Problem requirements
Using only the entries below, output the lines starting at the one containing "Spanish vs Carpatho" and ending at the one containing "Surface Pro 2017", exactly and inclusive of both, omitting the pictures.

Source data

※ ※ ※

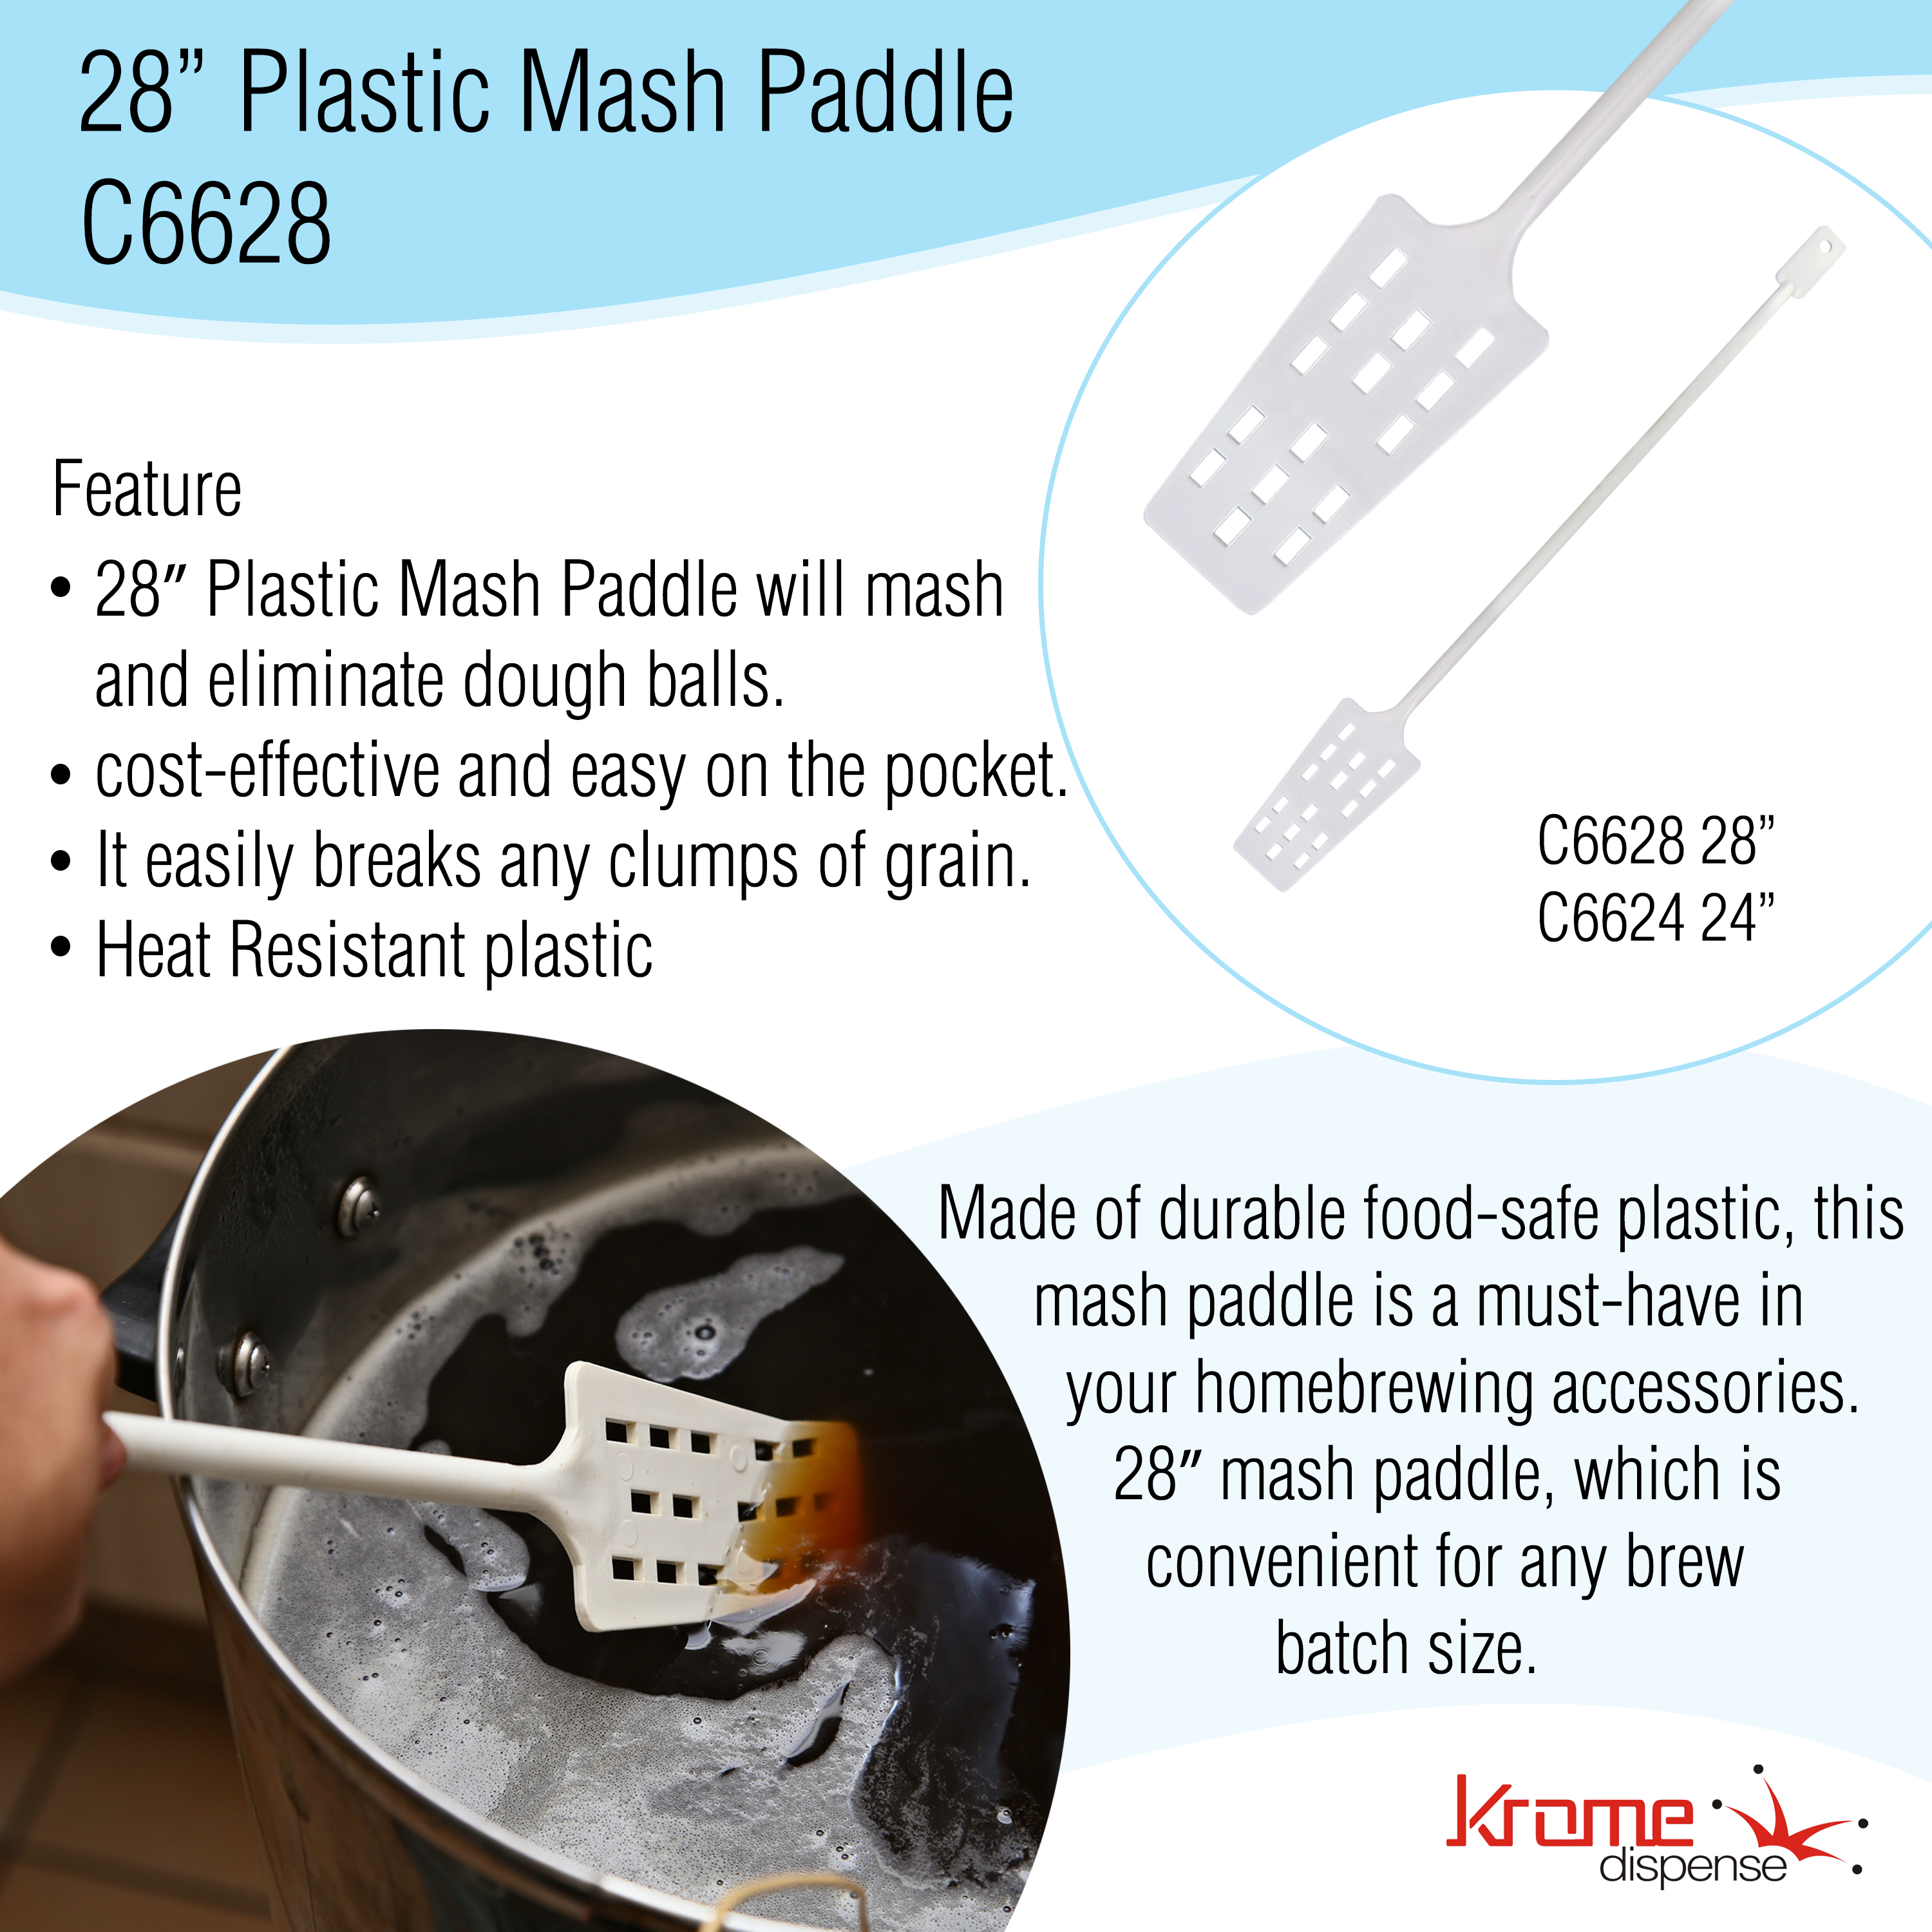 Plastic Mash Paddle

※ ※ ※

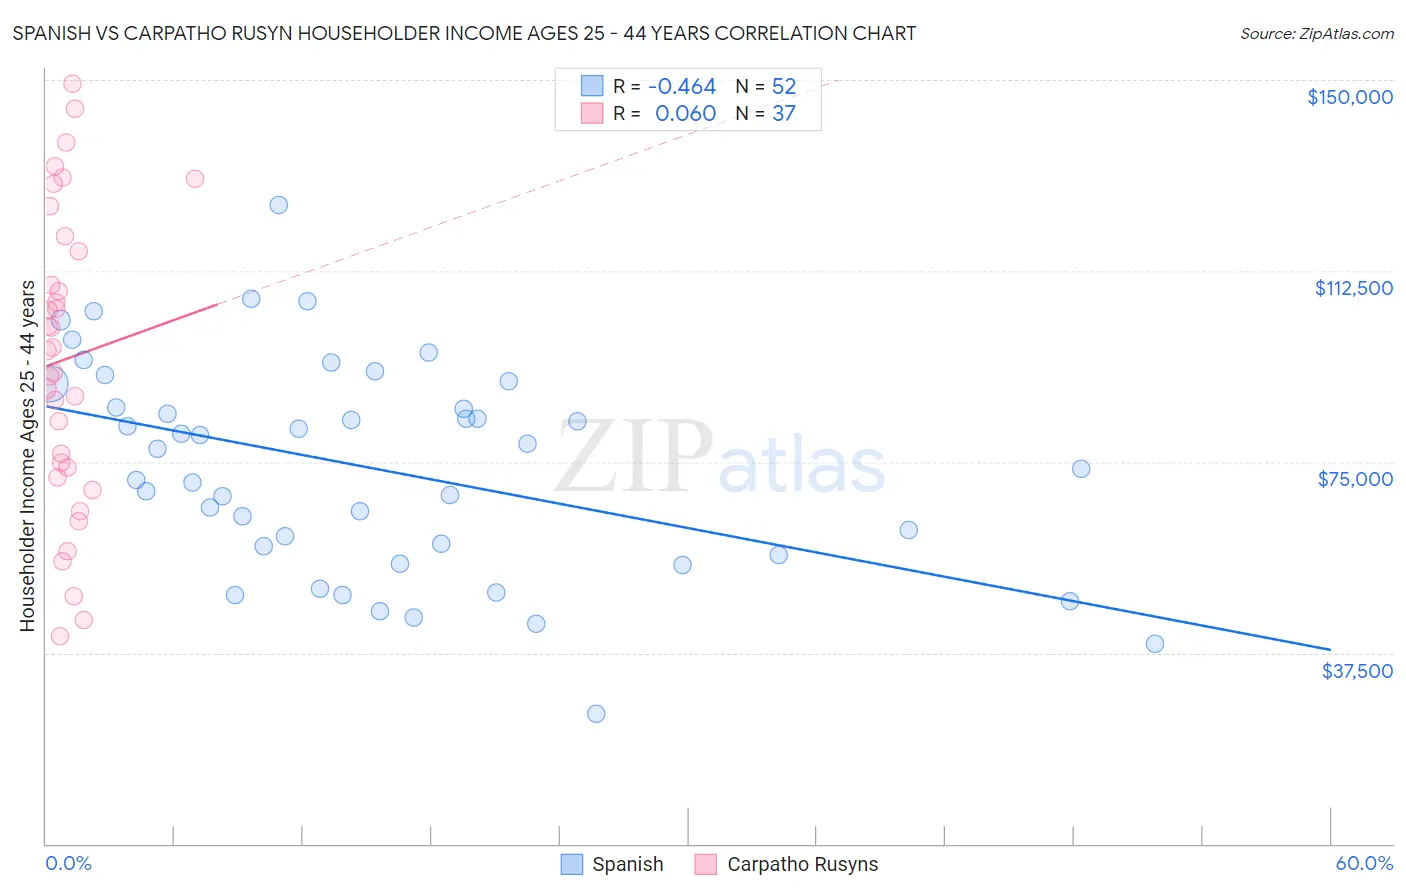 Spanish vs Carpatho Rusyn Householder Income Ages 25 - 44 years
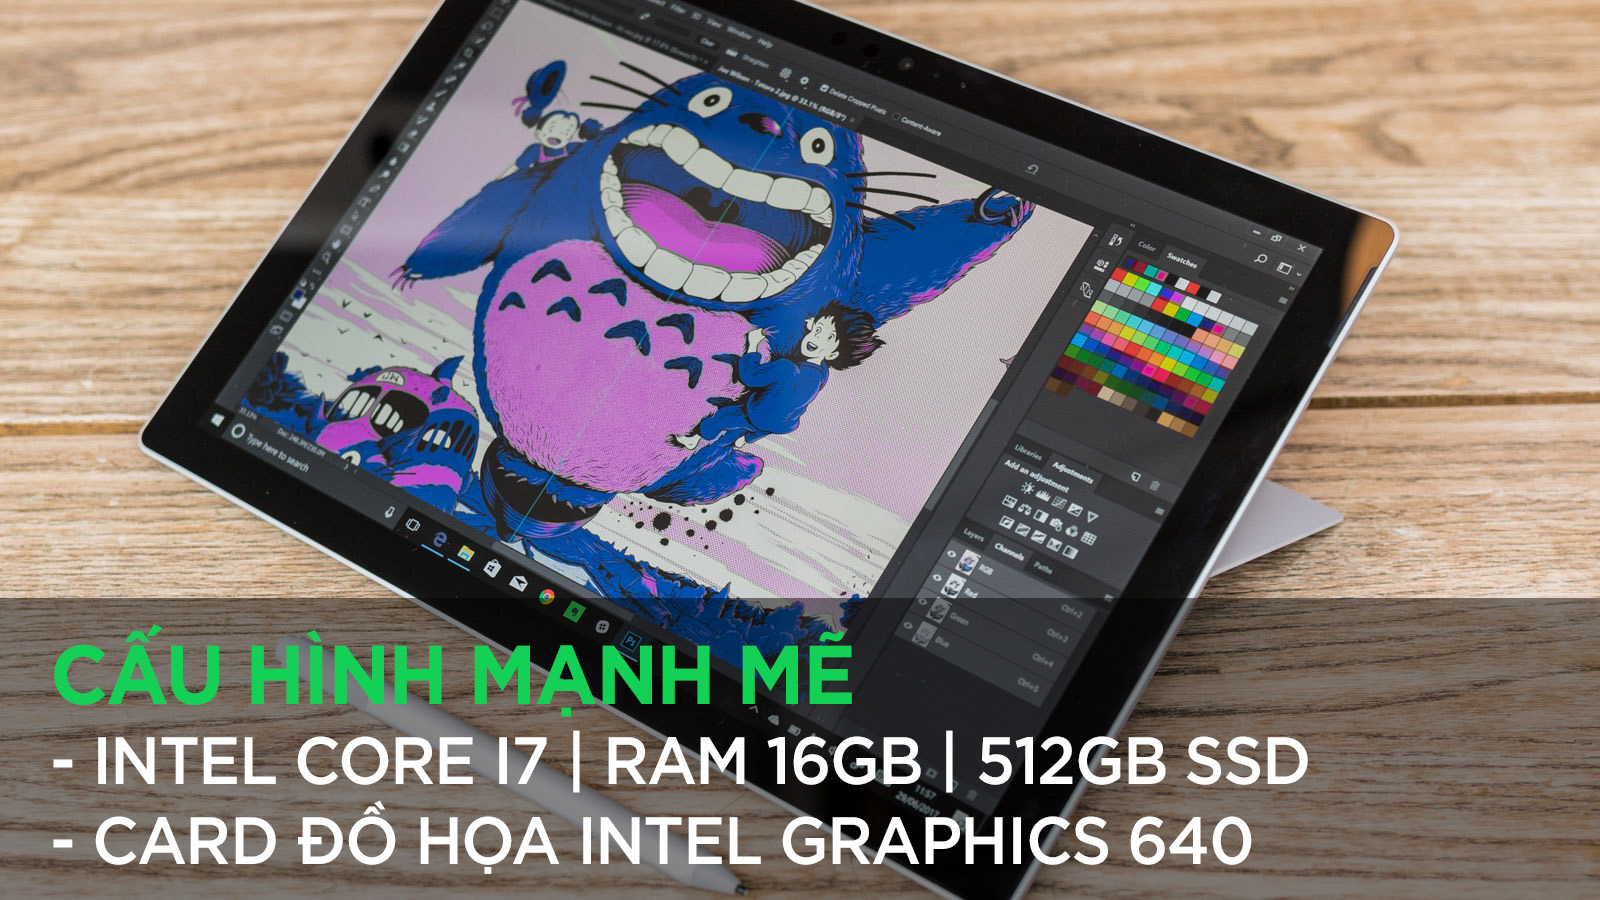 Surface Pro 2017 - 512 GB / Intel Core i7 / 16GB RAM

※ ※ ※

Solution to the exercise
 Spanish vs Carpatho Rusyn Householder Income Ages 25 - 44 years
 Surface Pro 2017 - 512 GB / Intel Core i7 / 16GB RAM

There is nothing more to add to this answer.